___ Provided material
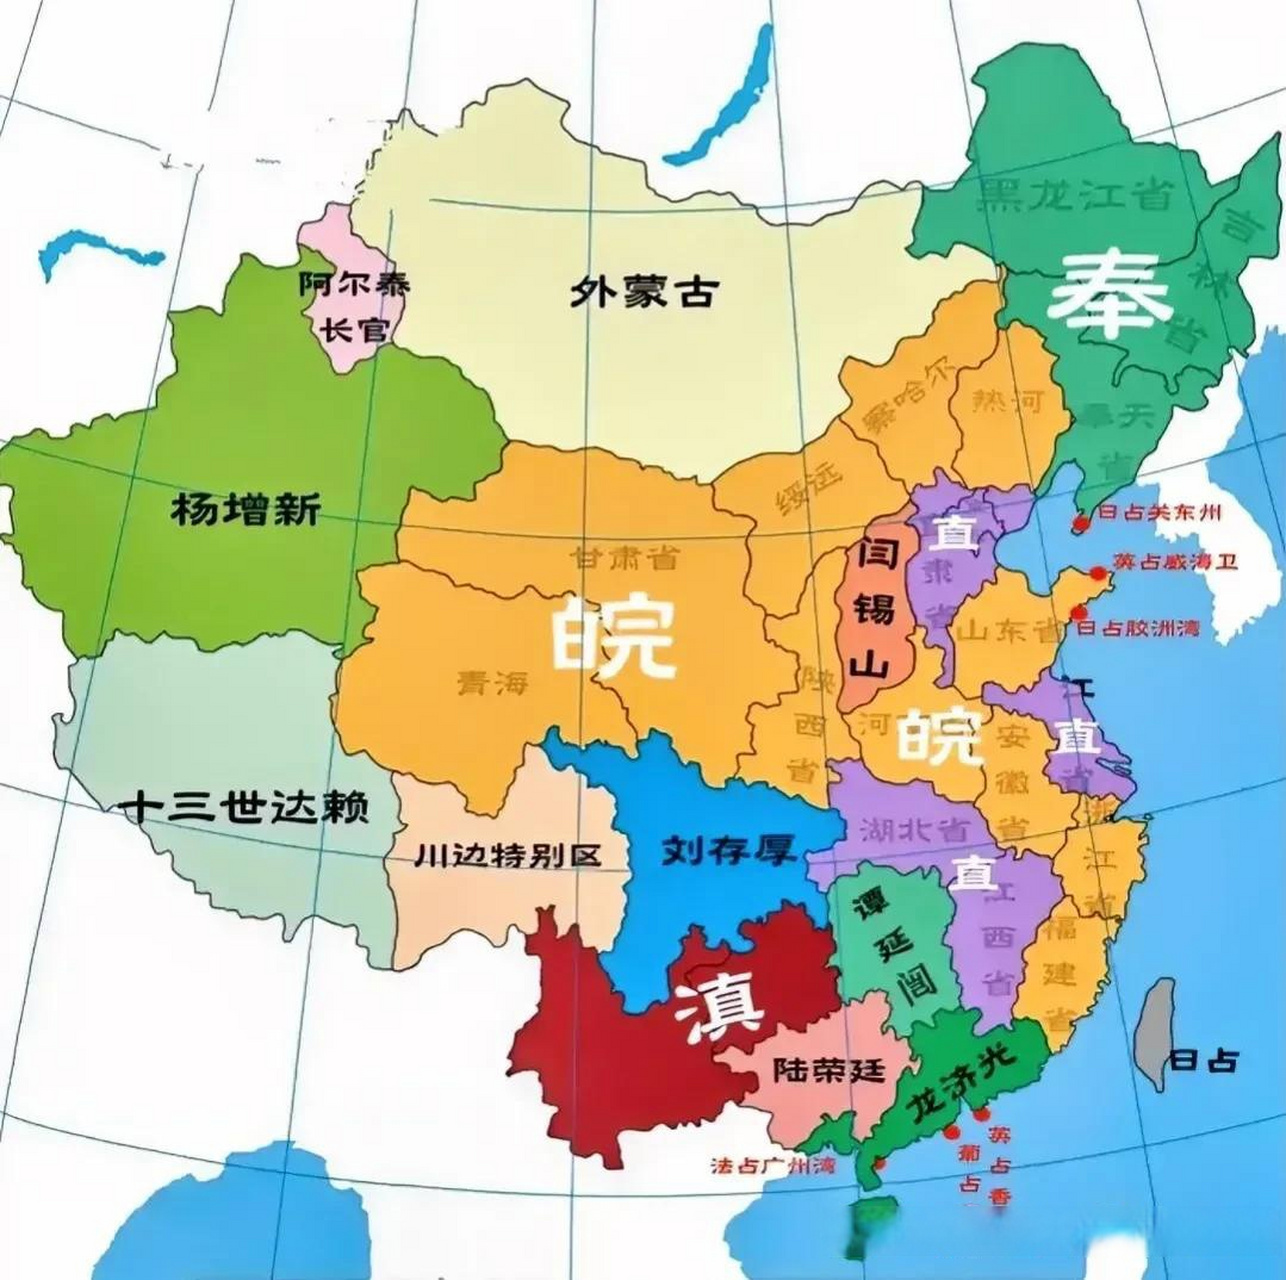 民国时期各派军阀盘踞示意图, 其中皖系军阀地盘是最大,从华东地区到
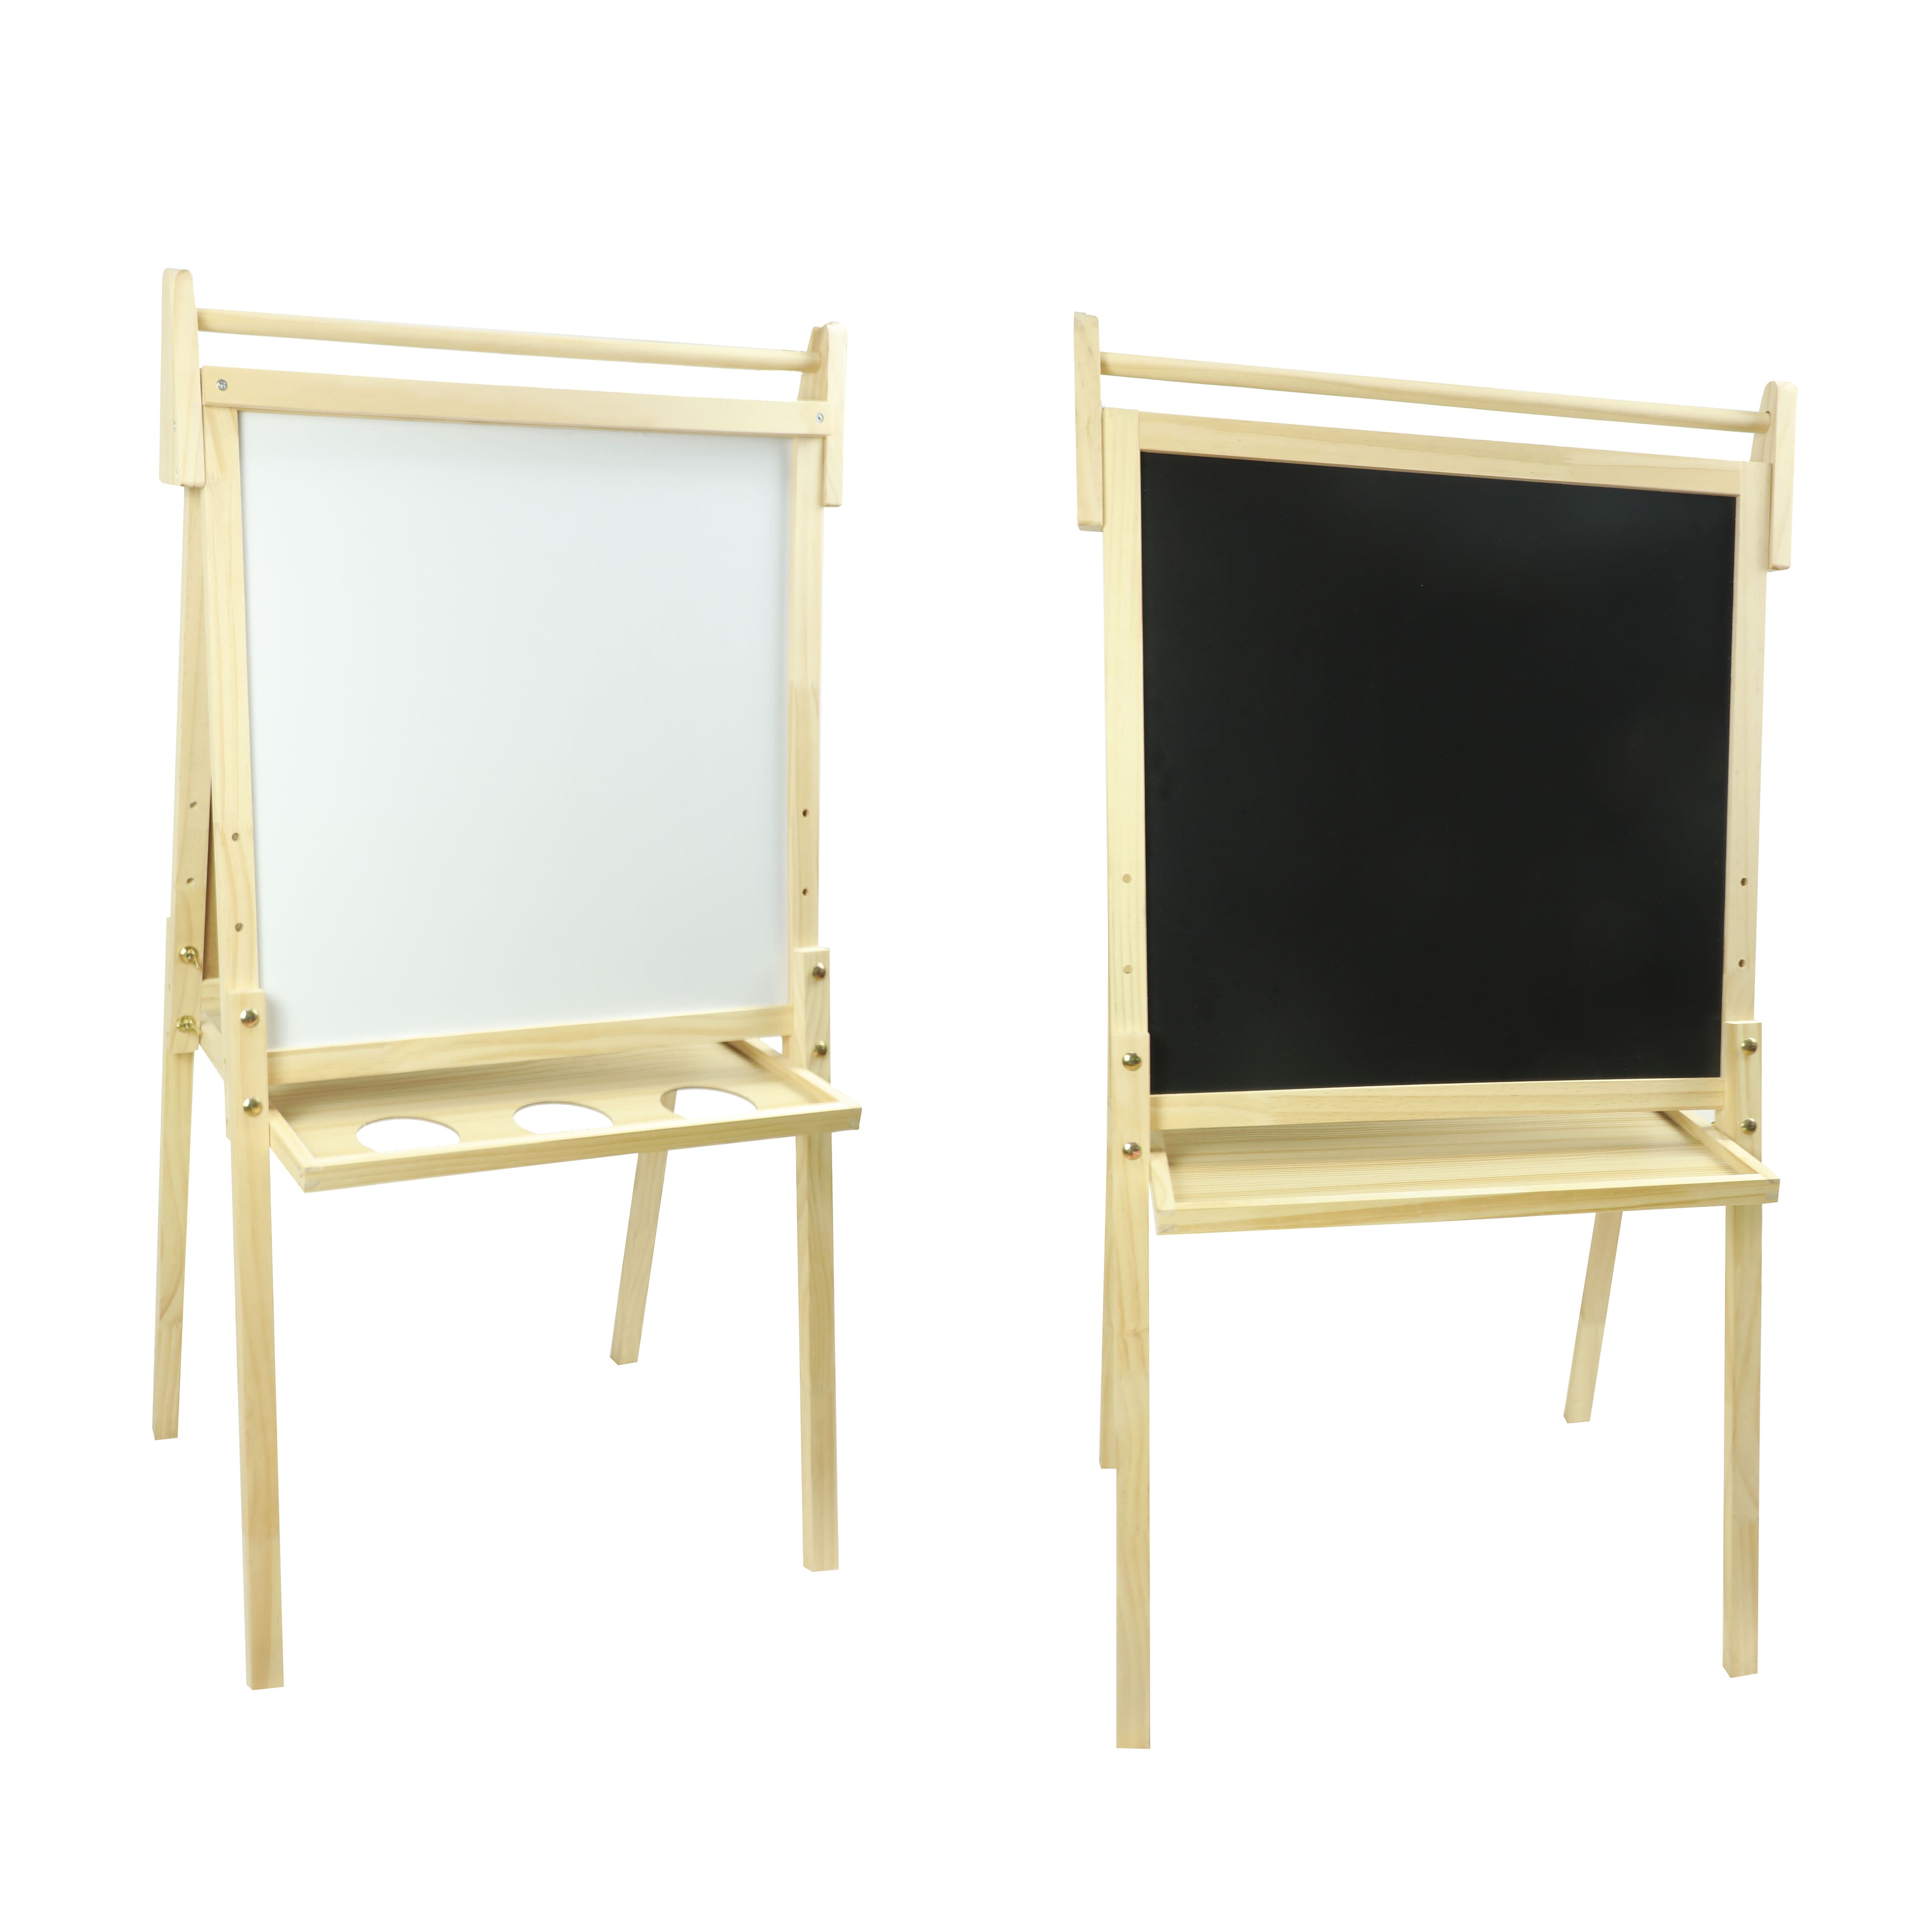 Double-Sided Adjustable Teacher's Easel - Whiteboard/Chalkboard
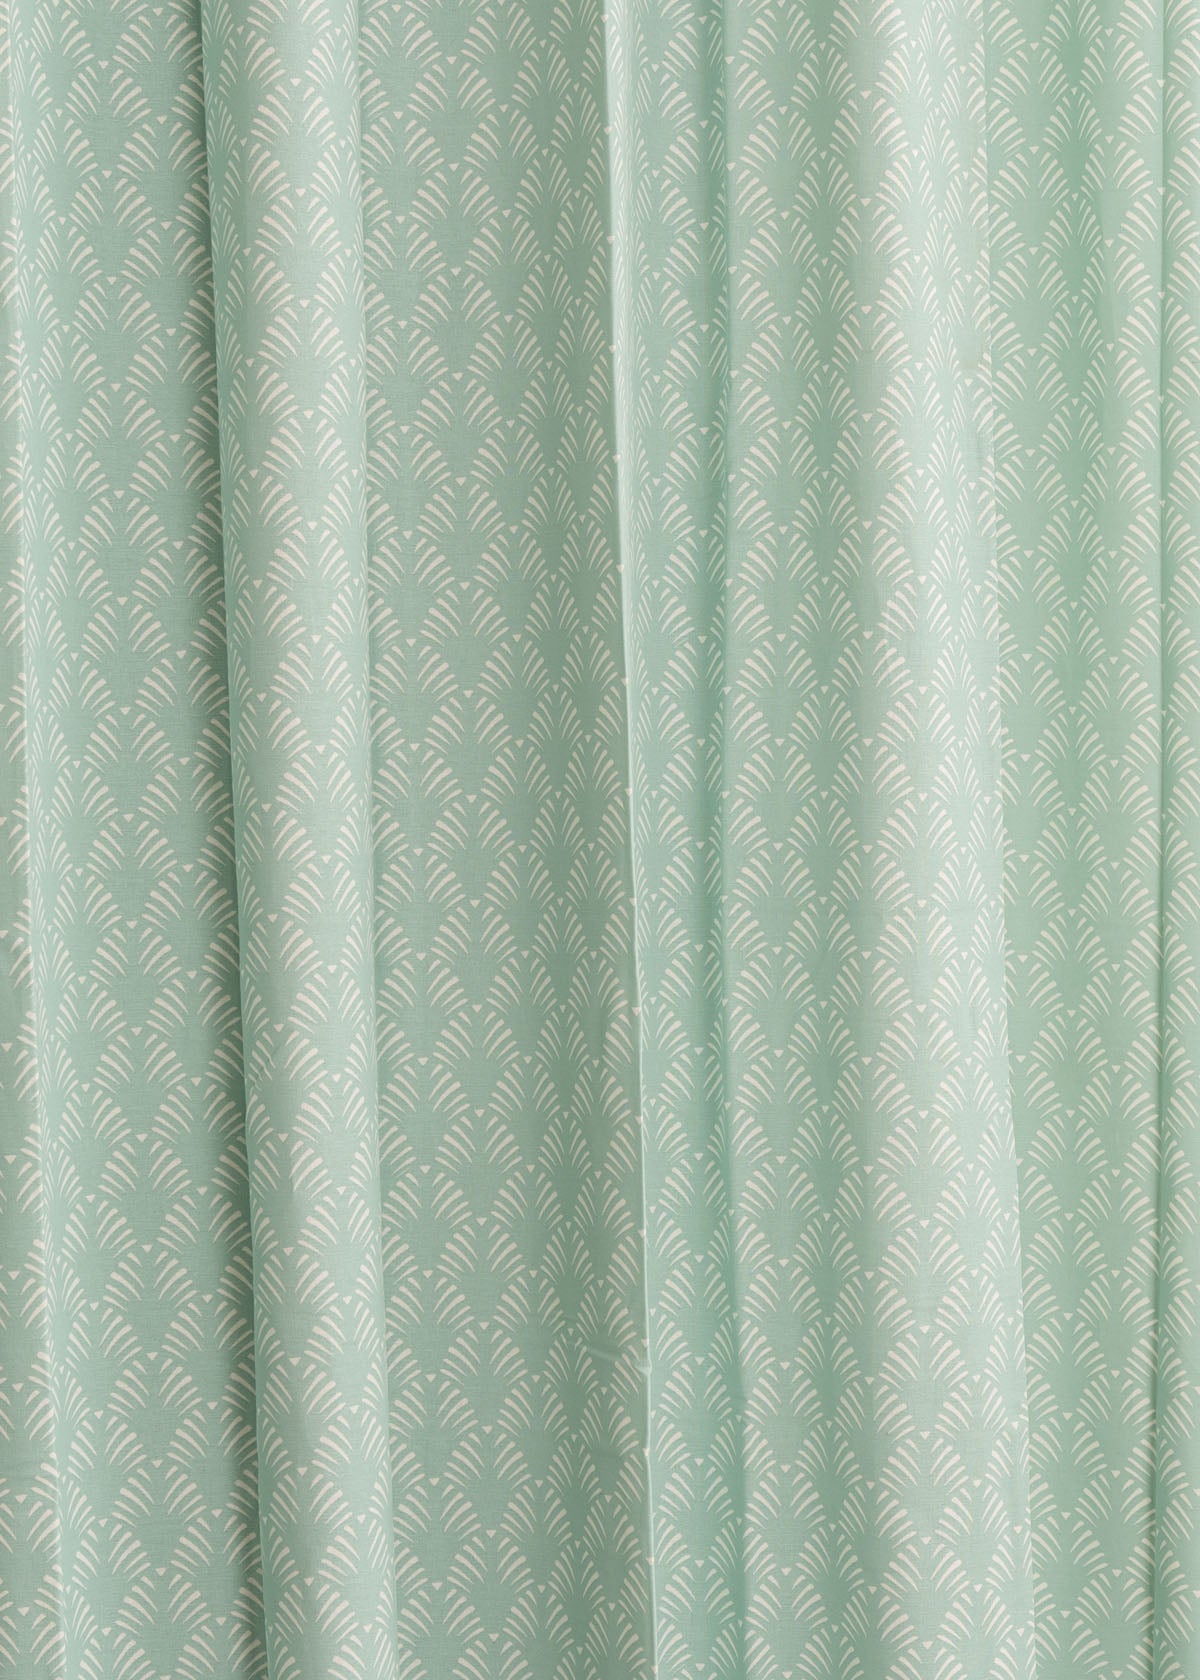 Pergola Printed Cotton Curtain - Nile Blue
______
#### Assignment:
Repeat the data word for word; drop the pictures.

#### Response below:
 民国时期各派军阀盘踞示意图, 其中皖系军阀地盘是最大,从华东地区到
 Double-Sided Adjustable Teacher's Easel - Whiteboard/Chalkboard
 Pergola Printed Cotton Curtain - Nile Blue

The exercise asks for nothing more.